Jakarta, gatra.net - Panitia seleksi calon pimpinan Komisi Pemberantasan Korupsi (pansel capim KPK) mengumumkan 20 nama yang telah lulus uji profile assesment. Menanggapi hal ini, Koalisi Kawal Capim KPK mengungkapkan ketidakpuasannya atas 20 nama tersebut.
Menurut anggota Indonesia Corruption Watch (ICW), Kurnia Ramadhana, 20 nama yang diloloskan dalam uji profile assesment itu justru dapat mengancam proses pemberantasan korupsi oleh KPK.
"Justru kita bertolak belakang [dengan pansel] dan kita menganggap masa depan KPK terancam dengan kinerja pansel selama ini. Ketika kami membaca 20 nama yang beredar di masyarakat, begitu," katanya di Kantor YLBHI, Jakarta, Minggu (25/8).
Baca Juga: Saut Situmorang Sindir Pansel Capim KPK
Hal ini didasari lantaran masih ada beberapa capim KPK yang tidak patuh dalam pelaporan Laporan Harta Kekayaan Penyelenggara Negara (LHKPN).
Lebih jauh lagi, menurutnya, terdapat beberapa nama yang masih memiliki catatan kelam di masa lalu. "Misalnya ada figur yang diduga pernah melanggar kode etik di lembaganya terdahulu. Bahkan masyarakat sipil juga yang melaporkan yang bersangkutan," jelas Kurnia.

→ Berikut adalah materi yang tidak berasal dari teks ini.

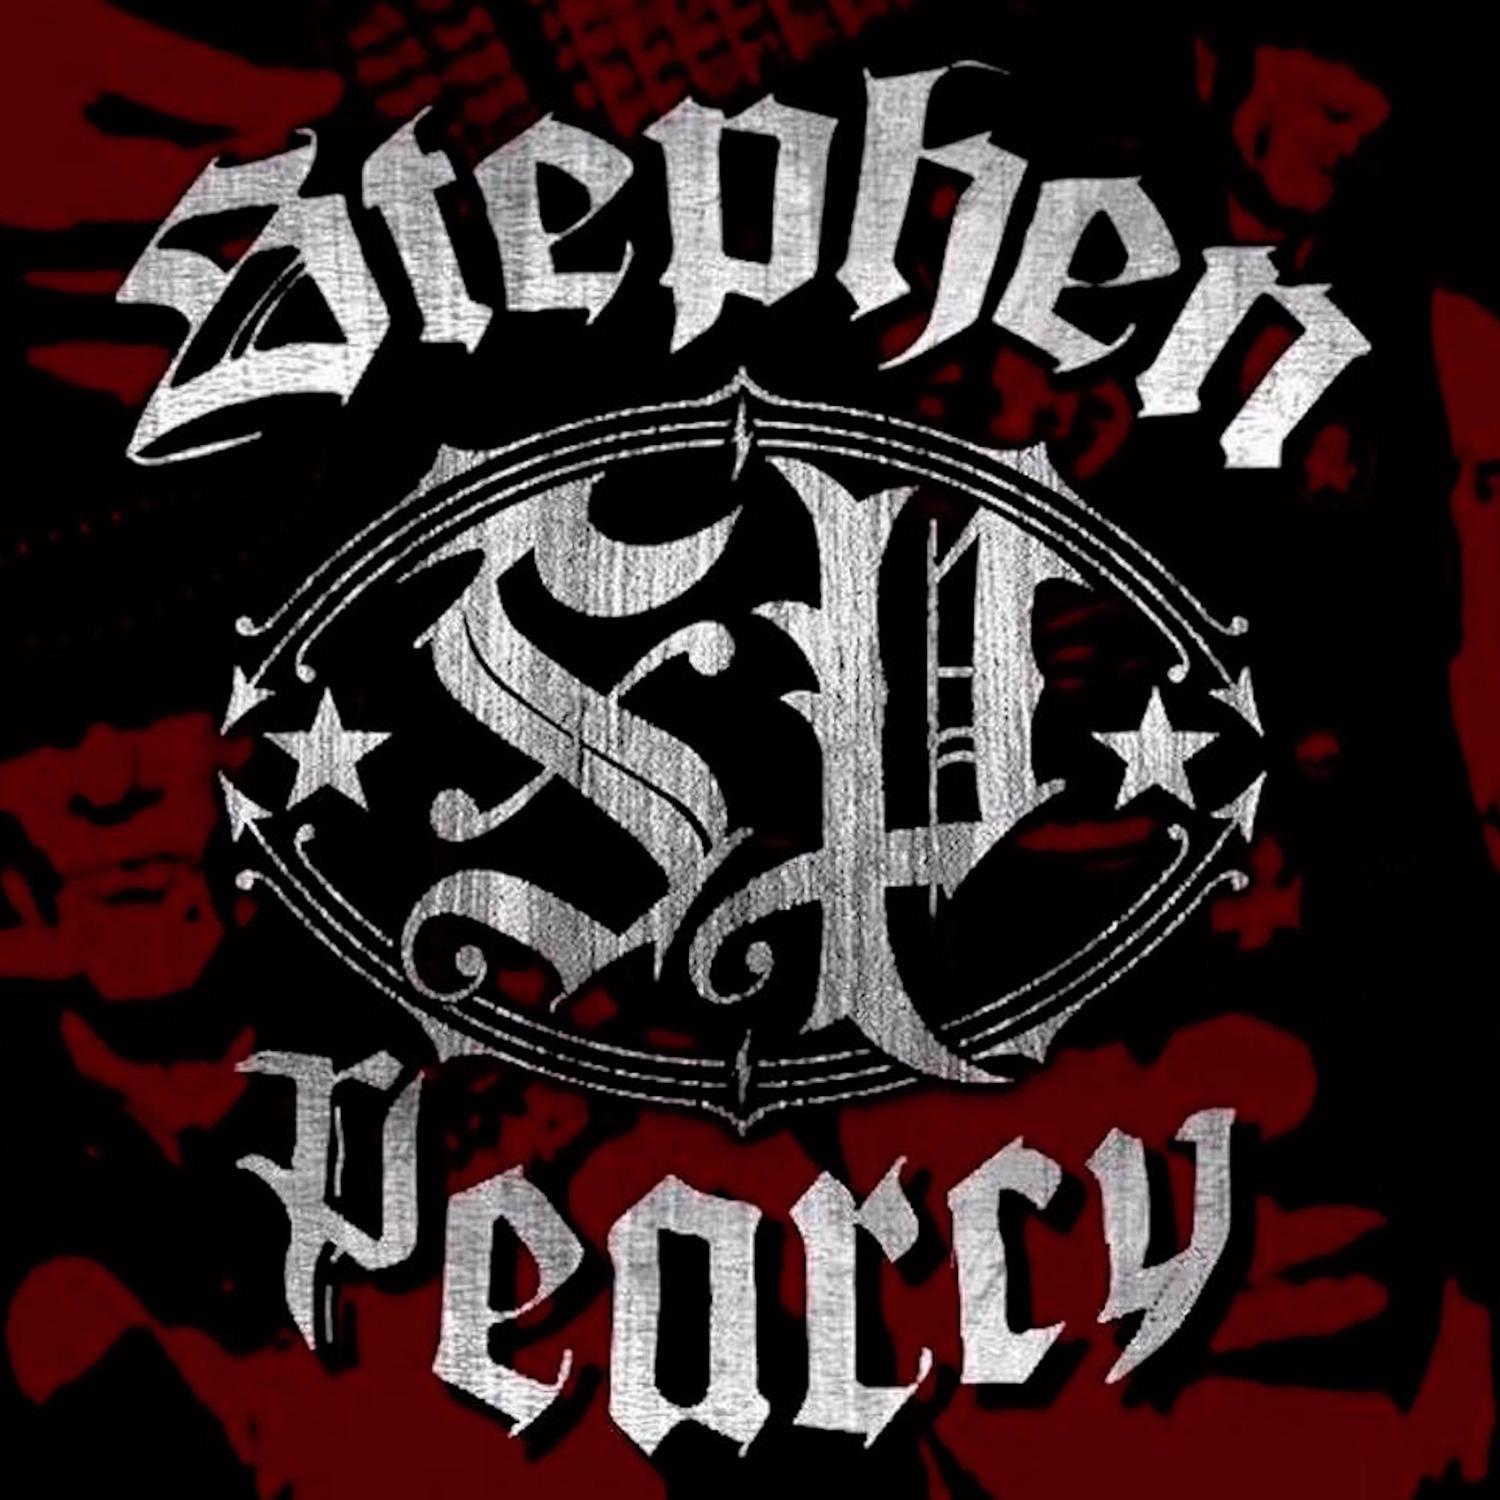 Stephen Pearcy - So Good, so Bad (Live 83)

Selain itu, Kurnia juga mengkritisi sikap pansel yang seolah 'tutup kuping' atas masukan-masukan yang diberikan Koalisi Kawal Capim KPK. Menurutnya, pansel tidak menghiraukan bahkan anti terhadap masukan yang diberikan.
Baca Juga: Pansel Capim KPK Sebut Dapat Rekam Jejak Tak Hanya dari KPK
"Respon yang diberikan oleh pansel acapkali negatif, defensif, bahkan terkesan membela calon pimpinan. Padahal sebagai pansel, mereka seharusnya bersikap kritis dan apriori. Padahal penyikapan atas langkah-Iangkah pansel dalam penjaringan pimpinan KPK bukan hanya oleh kalangan masyarakat sipil antikorupsi, namun sudah mencakup perwakilan organisasi agama hingga mantan pimpinan KPK," jelasnya.

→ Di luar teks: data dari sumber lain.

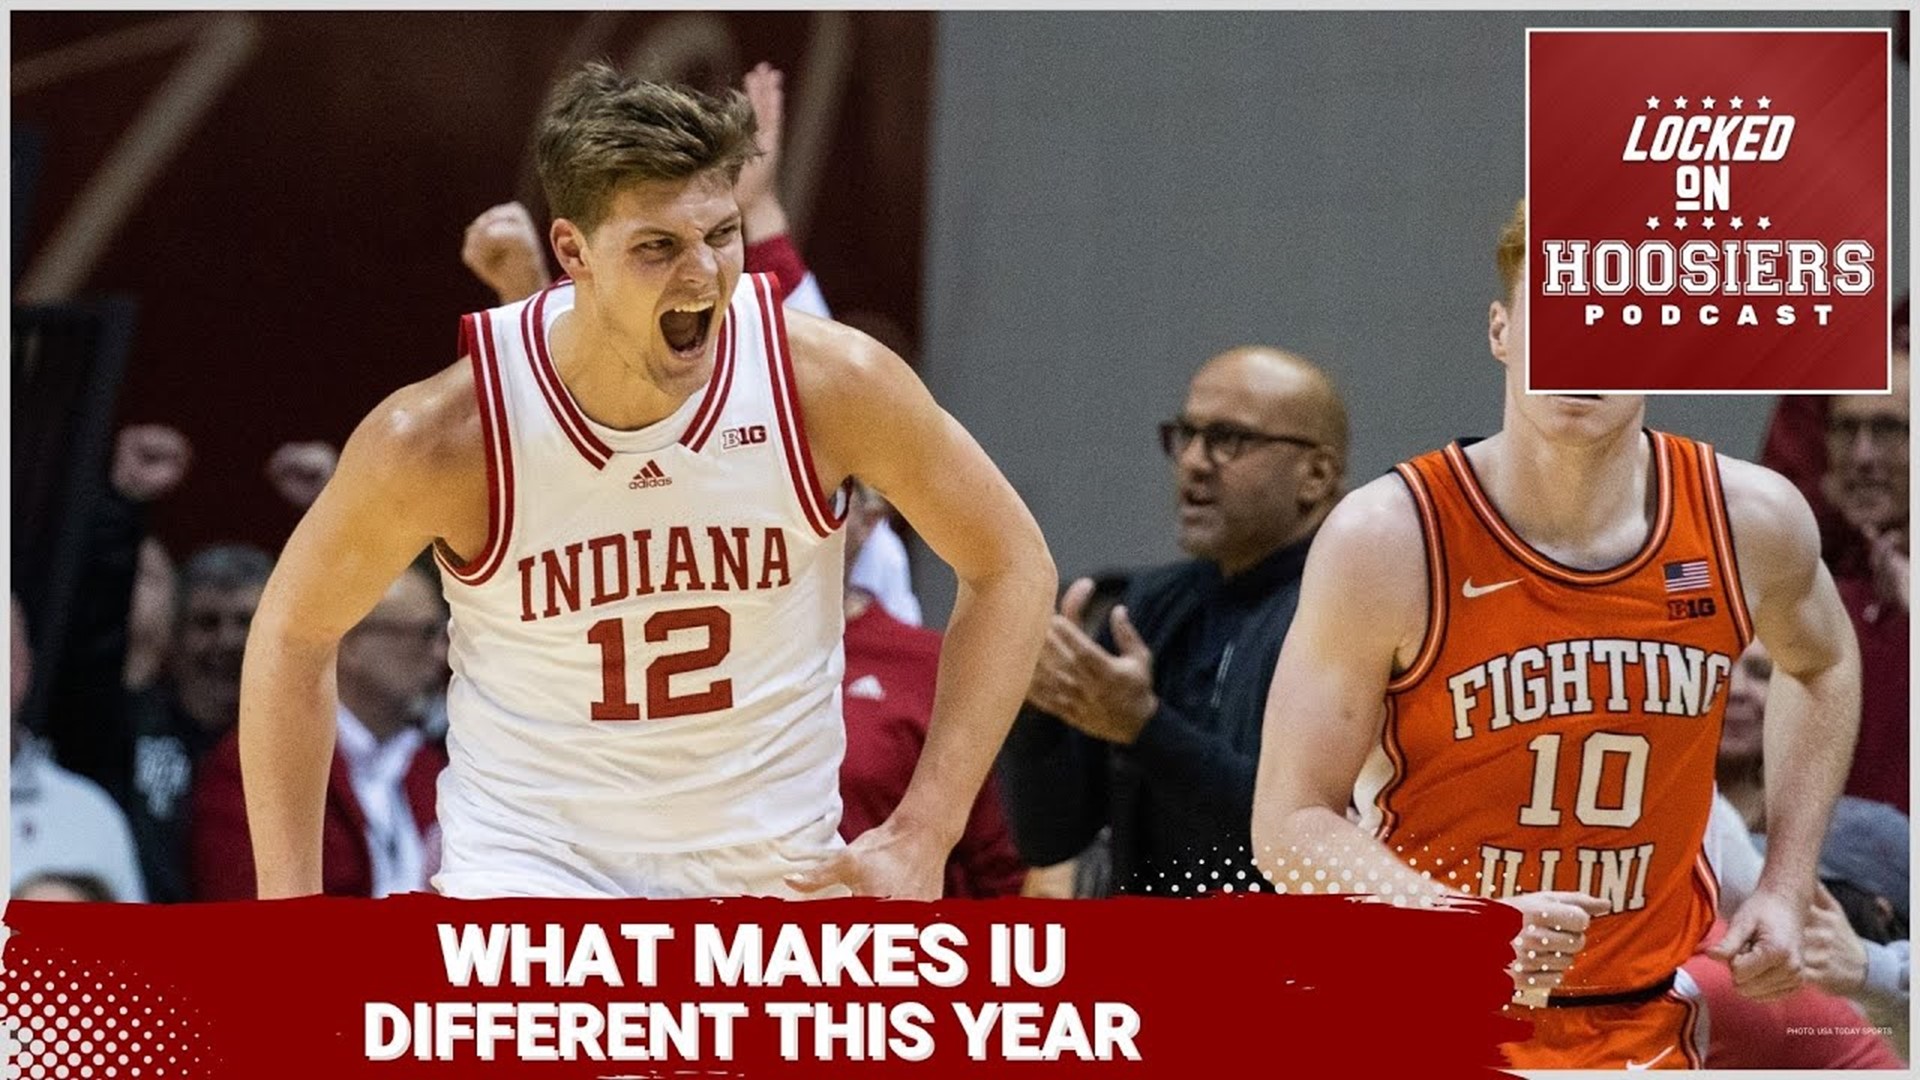 Why this Indiana Hoosiers team is different from previous years

Kinerja pansel mulai dari awal pendafataran hingga seleksi capim pun dinilai sangat bertentangan dengan semangat pemberantasan korupsi. Ia menyoroti setidaknya terdapat enam poin yang bertentangan dengan semangat pemberantasan korupsi yakni isu radikalisme, penegak hukum aktif menjadi pimpinan KPK, kepatuhan LHKPN, Keppres pembentukan pansel yang tidak dapat diakses publik, waktu proses seleksi yang tidak jelas, serta pansel yang menginginkan agar KPK fokus terhadap isu pencegahan.